- _PROBLEM DESCRIPTION_
Give back, word for word, the line that contains "620 Victoria Secret" and every line that follows it in the data below.
START RECORDED INFORMATION
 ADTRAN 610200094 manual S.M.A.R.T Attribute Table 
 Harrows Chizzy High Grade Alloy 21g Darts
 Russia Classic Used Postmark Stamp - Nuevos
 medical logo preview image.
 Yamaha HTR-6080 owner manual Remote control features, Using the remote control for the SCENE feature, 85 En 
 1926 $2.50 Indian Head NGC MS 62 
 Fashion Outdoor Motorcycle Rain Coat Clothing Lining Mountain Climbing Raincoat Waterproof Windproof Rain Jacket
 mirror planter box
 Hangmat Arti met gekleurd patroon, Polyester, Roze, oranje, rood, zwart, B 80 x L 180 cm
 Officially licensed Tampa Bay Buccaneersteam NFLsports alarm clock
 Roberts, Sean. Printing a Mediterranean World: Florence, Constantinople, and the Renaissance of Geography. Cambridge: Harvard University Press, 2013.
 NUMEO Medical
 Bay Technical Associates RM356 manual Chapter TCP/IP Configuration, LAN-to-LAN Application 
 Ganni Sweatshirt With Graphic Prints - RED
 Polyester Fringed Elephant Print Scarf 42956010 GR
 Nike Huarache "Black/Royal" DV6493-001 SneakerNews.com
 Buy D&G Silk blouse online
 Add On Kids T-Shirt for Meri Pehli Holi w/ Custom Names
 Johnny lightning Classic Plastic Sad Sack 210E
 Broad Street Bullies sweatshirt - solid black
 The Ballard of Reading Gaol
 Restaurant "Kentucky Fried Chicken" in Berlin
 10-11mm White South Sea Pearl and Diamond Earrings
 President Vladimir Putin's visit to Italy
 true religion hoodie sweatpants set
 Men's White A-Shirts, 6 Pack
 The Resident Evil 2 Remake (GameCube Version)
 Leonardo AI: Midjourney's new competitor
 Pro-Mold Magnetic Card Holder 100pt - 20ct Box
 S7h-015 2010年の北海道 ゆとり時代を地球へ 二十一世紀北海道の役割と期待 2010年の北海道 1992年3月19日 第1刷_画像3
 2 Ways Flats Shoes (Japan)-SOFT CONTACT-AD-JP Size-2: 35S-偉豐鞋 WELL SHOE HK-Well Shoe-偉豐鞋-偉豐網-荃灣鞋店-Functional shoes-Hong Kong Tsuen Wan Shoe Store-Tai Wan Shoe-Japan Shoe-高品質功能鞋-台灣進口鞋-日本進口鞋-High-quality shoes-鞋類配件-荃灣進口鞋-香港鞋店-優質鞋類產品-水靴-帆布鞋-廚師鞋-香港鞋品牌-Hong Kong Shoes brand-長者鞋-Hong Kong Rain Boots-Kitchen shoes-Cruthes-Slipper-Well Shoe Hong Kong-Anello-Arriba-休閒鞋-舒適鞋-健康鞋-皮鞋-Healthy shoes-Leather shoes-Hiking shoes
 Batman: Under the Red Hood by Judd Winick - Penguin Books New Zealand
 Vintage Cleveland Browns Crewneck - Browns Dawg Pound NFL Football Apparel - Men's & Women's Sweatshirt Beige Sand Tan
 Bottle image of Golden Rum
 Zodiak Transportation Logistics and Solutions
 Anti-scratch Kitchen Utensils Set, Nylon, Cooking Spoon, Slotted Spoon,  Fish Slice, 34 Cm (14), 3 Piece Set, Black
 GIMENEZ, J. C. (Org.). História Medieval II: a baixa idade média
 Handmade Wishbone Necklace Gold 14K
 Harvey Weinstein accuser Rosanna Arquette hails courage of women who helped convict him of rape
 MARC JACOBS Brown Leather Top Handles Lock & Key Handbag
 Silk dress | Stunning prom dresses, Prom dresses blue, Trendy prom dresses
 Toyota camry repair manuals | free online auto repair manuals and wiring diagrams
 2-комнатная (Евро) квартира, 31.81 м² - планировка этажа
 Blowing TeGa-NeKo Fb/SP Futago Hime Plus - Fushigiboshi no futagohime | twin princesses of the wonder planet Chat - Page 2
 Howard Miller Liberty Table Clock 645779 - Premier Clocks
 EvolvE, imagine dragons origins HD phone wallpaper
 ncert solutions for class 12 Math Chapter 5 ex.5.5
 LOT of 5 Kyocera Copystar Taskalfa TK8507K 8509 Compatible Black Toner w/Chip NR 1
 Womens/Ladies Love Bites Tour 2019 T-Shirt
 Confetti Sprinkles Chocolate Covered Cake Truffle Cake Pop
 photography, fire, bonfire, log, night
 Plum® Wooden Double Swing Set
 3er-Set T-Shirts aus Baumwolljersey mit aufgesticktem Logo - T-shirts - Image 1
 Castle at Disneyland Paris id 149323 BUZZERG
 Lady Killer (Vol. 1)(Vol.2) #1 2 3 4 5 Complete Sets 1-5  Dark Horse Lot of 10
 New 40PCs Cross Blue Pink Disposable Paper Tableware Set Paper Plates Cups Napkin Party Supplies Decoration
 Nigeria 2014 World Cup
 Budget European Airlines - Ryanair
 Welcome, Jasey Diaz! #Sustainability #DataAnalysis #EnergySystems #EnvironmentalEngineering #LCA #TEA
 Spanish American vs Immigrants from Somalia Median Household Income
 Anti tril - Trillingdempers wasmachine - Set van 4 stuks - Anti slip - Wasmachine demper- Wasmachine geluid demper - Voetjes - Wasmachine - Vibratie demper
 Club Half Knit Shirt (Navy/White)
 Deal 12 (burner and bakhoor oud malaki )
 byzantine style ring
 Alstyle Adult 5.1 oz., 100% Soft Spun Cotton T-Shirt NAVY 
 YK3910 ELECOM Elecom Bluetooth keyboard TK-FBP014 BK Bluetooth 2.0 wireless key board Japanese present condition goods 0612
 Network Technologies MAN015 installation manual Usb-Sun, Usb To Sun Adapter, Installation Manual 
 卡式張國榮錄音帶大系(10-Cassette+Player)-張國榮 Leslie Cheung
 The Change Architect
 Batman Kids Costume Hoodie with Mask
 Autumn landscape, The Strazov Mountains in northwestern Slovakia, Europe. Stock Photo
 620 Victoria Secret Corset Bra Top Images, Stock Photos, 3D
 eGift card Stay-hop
END RECORDED INFORMATION
- _ANSWER BOX_
 620 Victoria Secret Corset Bra Top Images, Stock Photos, 3D
 eGift card Stay-hop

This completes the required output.